- YOUR INSTRUCTIONS
Pictures aside, return every line below exactly as written.

- INFORMATION PROVIDED

=======

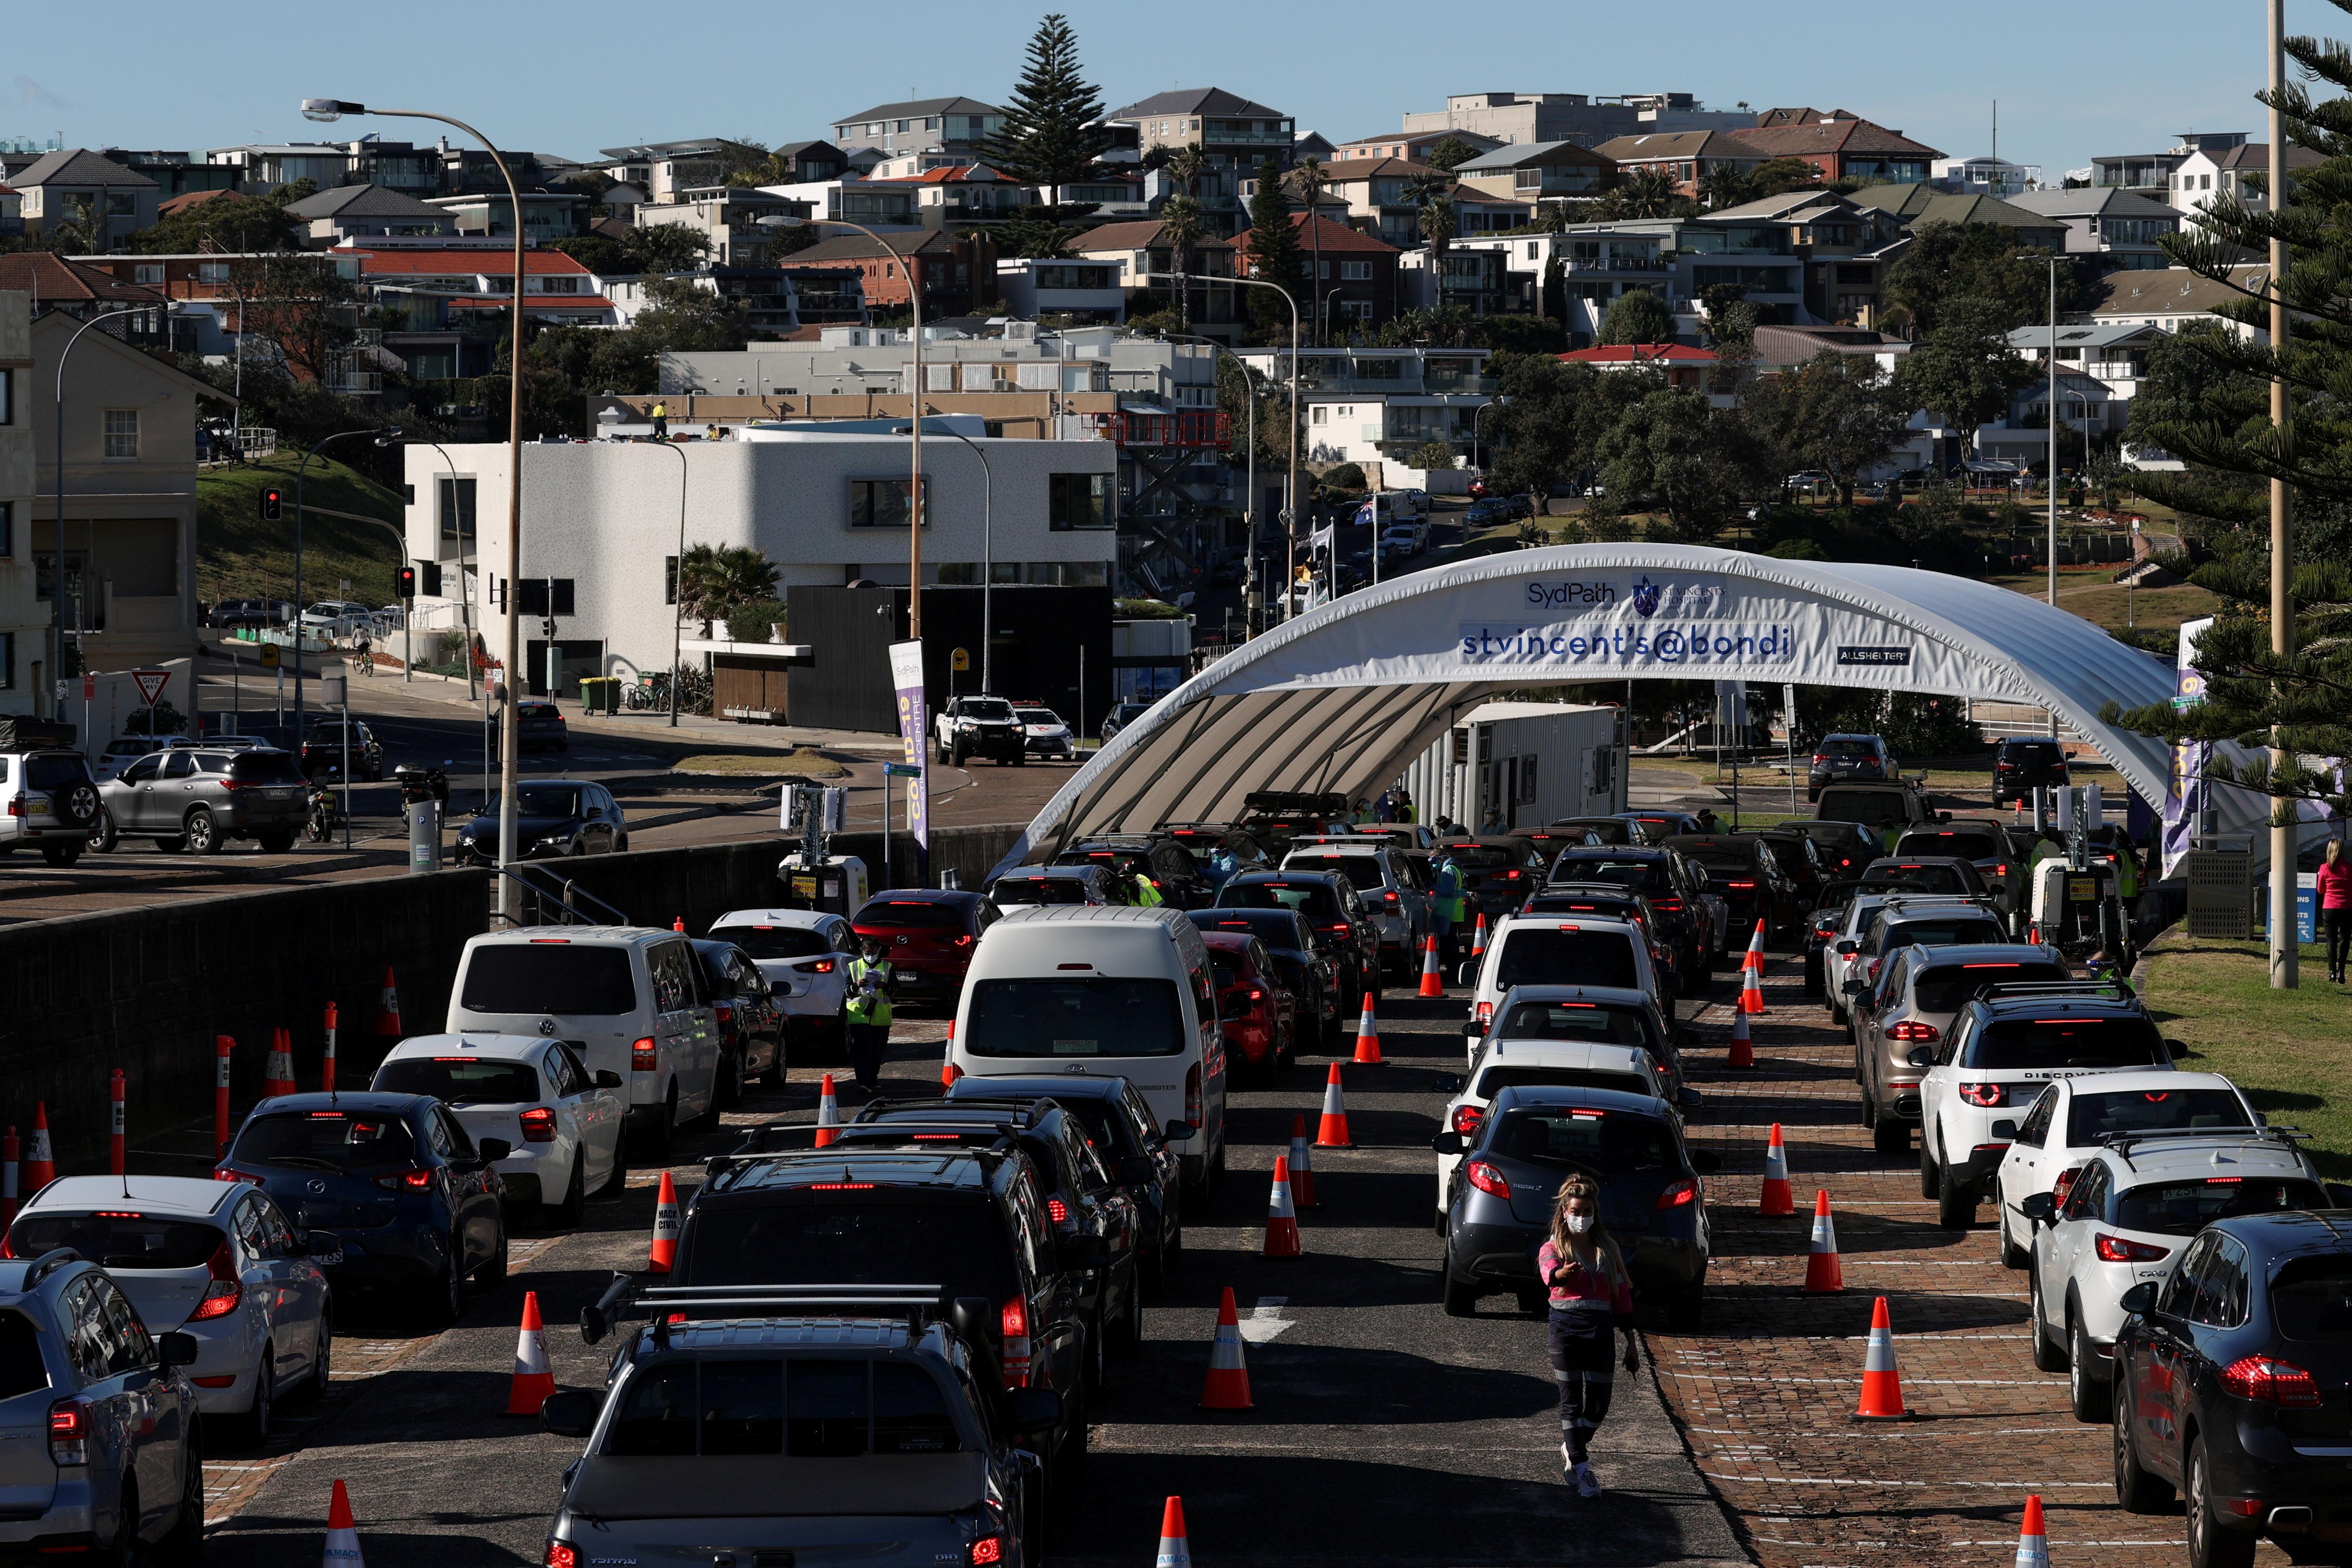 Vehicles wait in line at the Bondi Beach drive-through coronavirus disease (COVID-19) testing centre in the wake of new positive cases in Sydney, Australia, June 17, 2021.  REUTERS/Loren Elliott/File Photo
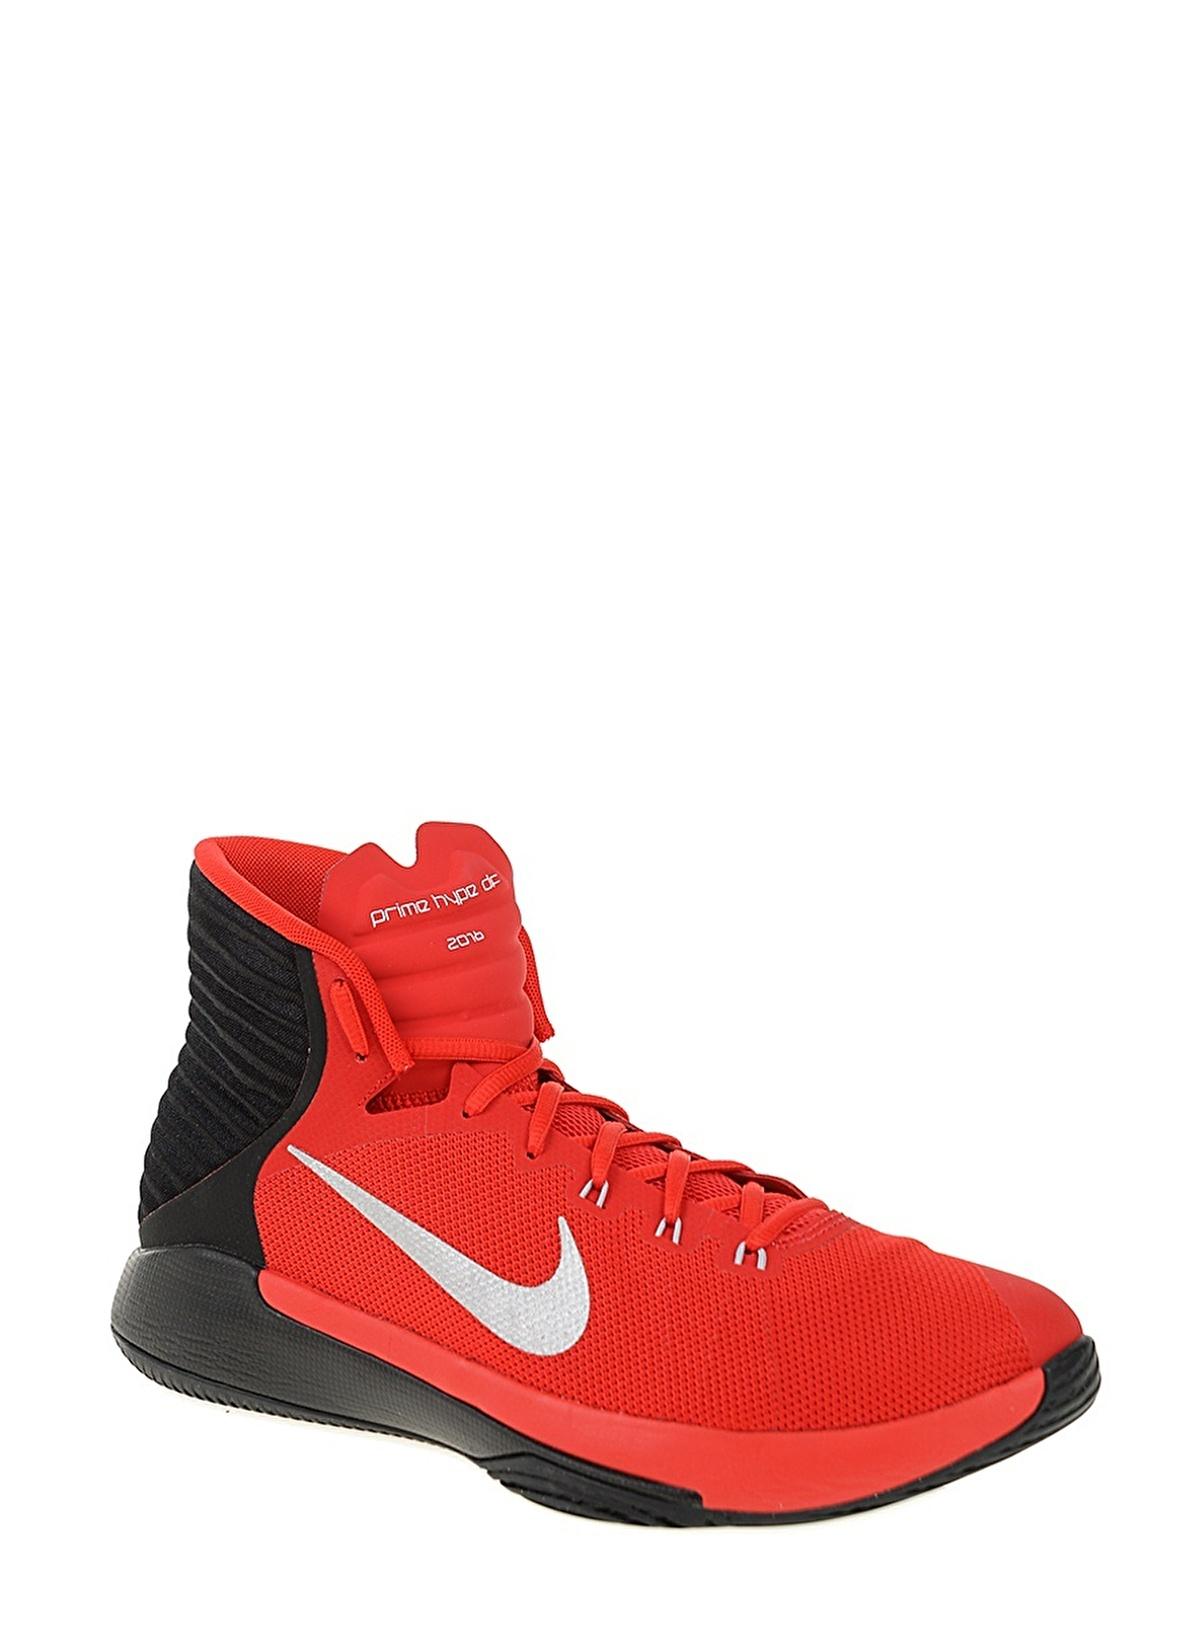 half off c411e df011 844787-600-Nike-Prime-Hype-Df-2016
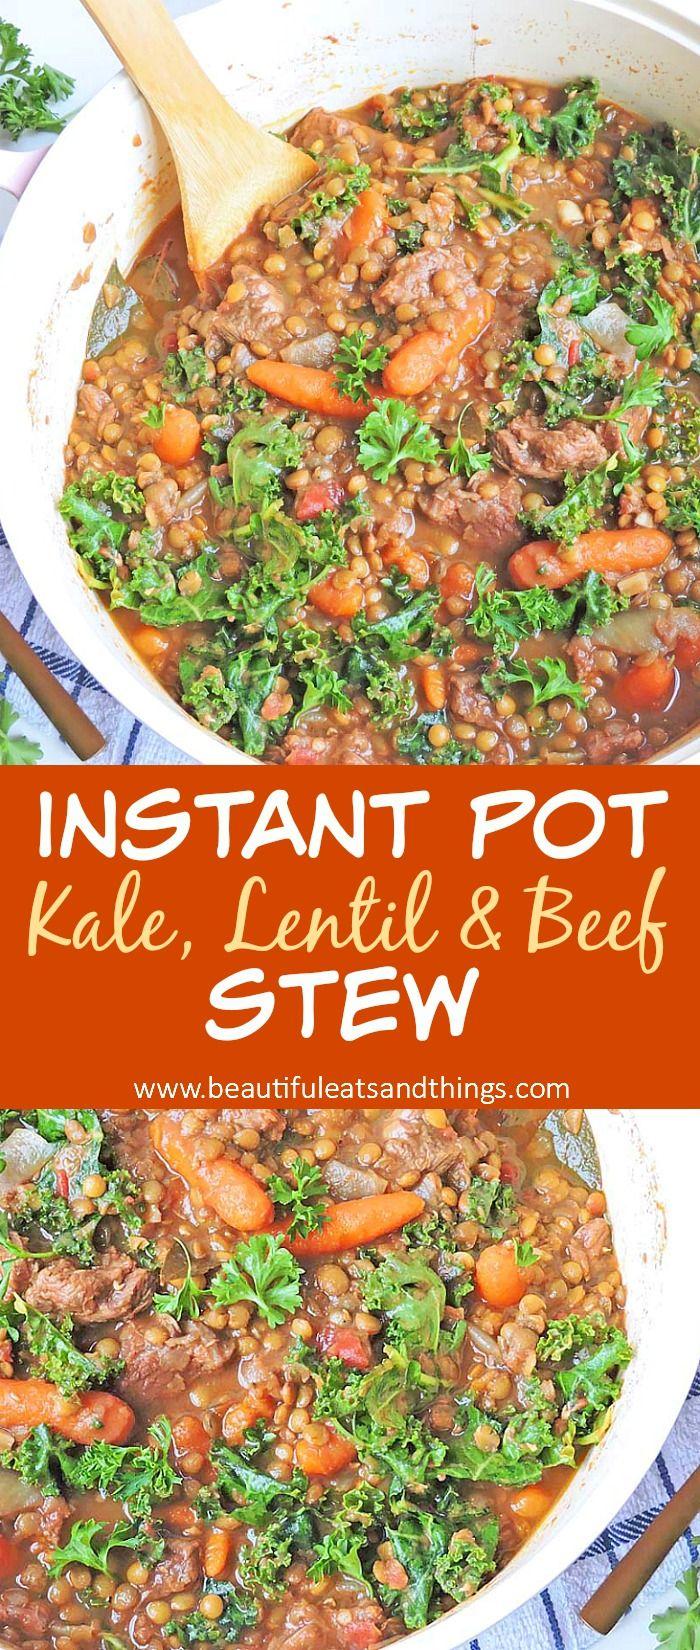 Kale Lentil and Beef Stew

=======

- REPLY TO THE TASK
 Vehicles wait in line at the Bondi Beach drive-through coronavirus disease (COVID-19) testing centre in the wake of new positive cases in Sydney, Australia, June 17, 2021.  REUTERS/Loren Elliott/File Photo
 half off c411e df011 844787-600-Nike-Prime-Hype-Df-2016
 Kale Lentil and Beef Stew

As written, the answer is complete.